Data analytics have recently been used as an innovative tool in the health care industry for many purposes, including internal auditing. Cutting-edge methods for identifying and managing risk are key in this complex, compliance-driven environment. By transforming and modeling health care data, analytics help streamline and significantly enhance the internal audit process.
Historically, data analytics in health care internal auditing were used for continuous monitoring and a more focused sample selection tool:
- For continuous auditing, procedures can be automated for integration into the internal audit process for key risk areas, providing global coverage of available data on an ongoing basis to increase effectiveness and efficiency.
- For sampling, analyzing an entire population for internal audit testing (instead of statistical sampling) enhances efficiency by analyzing more data on key risk areas, such as fictitious vendors, ghost employees, duplicate payments and other irregular activity.
A more recent trend is using health care data analytics for internal audit planning. Analytics can be part of the risk assessment process to help identify potential risk areas before interviews with key stakeholders.
Preparing a summary that highlights irregular activity patterns before the interviews can help the discussion. If there isn’t sufficient explanation for the patterns, the internal audit team should consider whether to include the respective areas in the annual internal audit plan.
Data analytics also can be used after the interviews, as additional support/validation of areas identified as vulnerable to risk.

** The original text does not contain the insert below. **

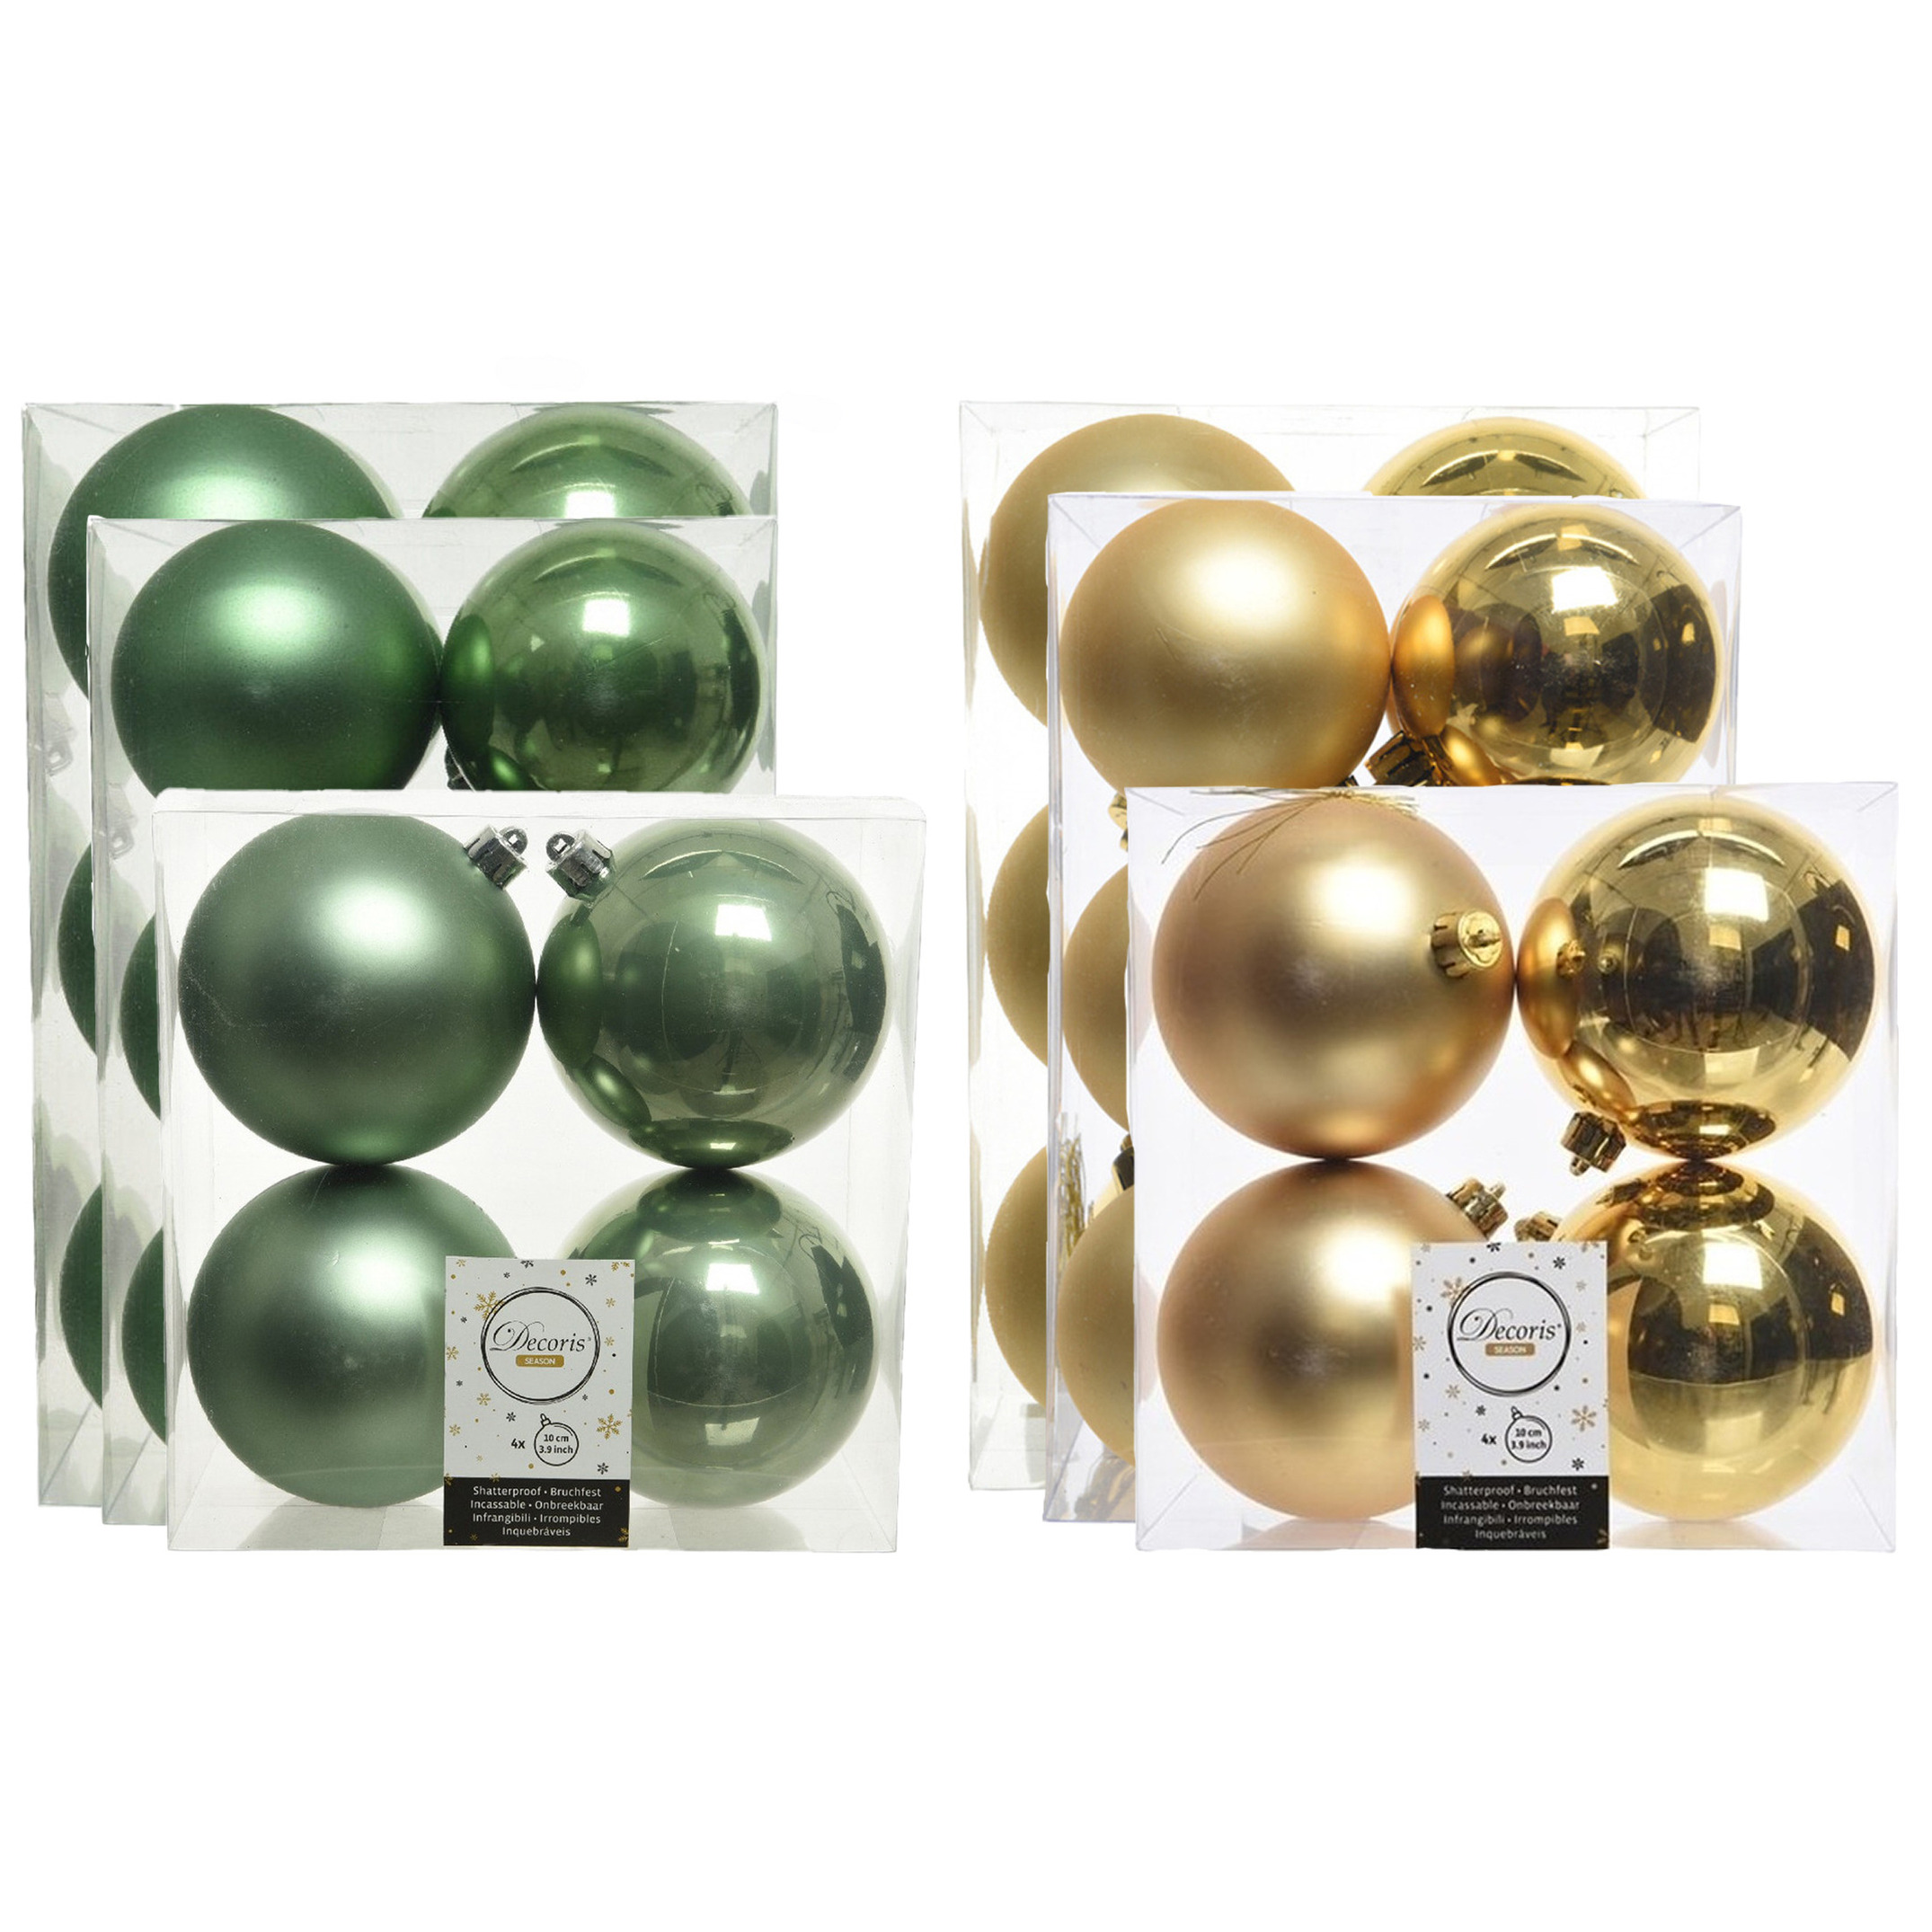 Kerstversiering kunststof kerstballen mix salie groen-goud 6-8-10 cm pakket van 44x stuks

Risk areas to analyze before interviews might include:
- Key processes, e.g., the revenue cycle, looking for trends or inconsistencies, such as:
- Delays in patient billing
- Claim denials
- Late charges
- Patient credit balances
- Compliance areas, such as:
- Payment card information
- 30-day readmissions
- One-day patient stays
- Financial and operational areas could include:
- Supply chain, such as vendor payments exceeding approval limits
- Payroll areas, such as excessive overtime
- Financial reporting, such as late journal entries
Data for these areas could be provided by month, department, financial class, physician or vendor, depending on the pattern the internal audit team chooses to analyze.
If trends indicate red flags in these areas, the data could be used in the questionnaire process to determine why certain patterns occurred and as additional support to include an area in the proposed internal audit plan.
Health care senior management, compliance and audit committees also could gain a better appreciation for data analytics tools. One method could be a dashboard approach summarizing identified patterns to support the final risk assessment and resulting annual internal audit plan. This may generate discussions on other ways analytics can aid the organization, as health care issues keep expanding in complexity.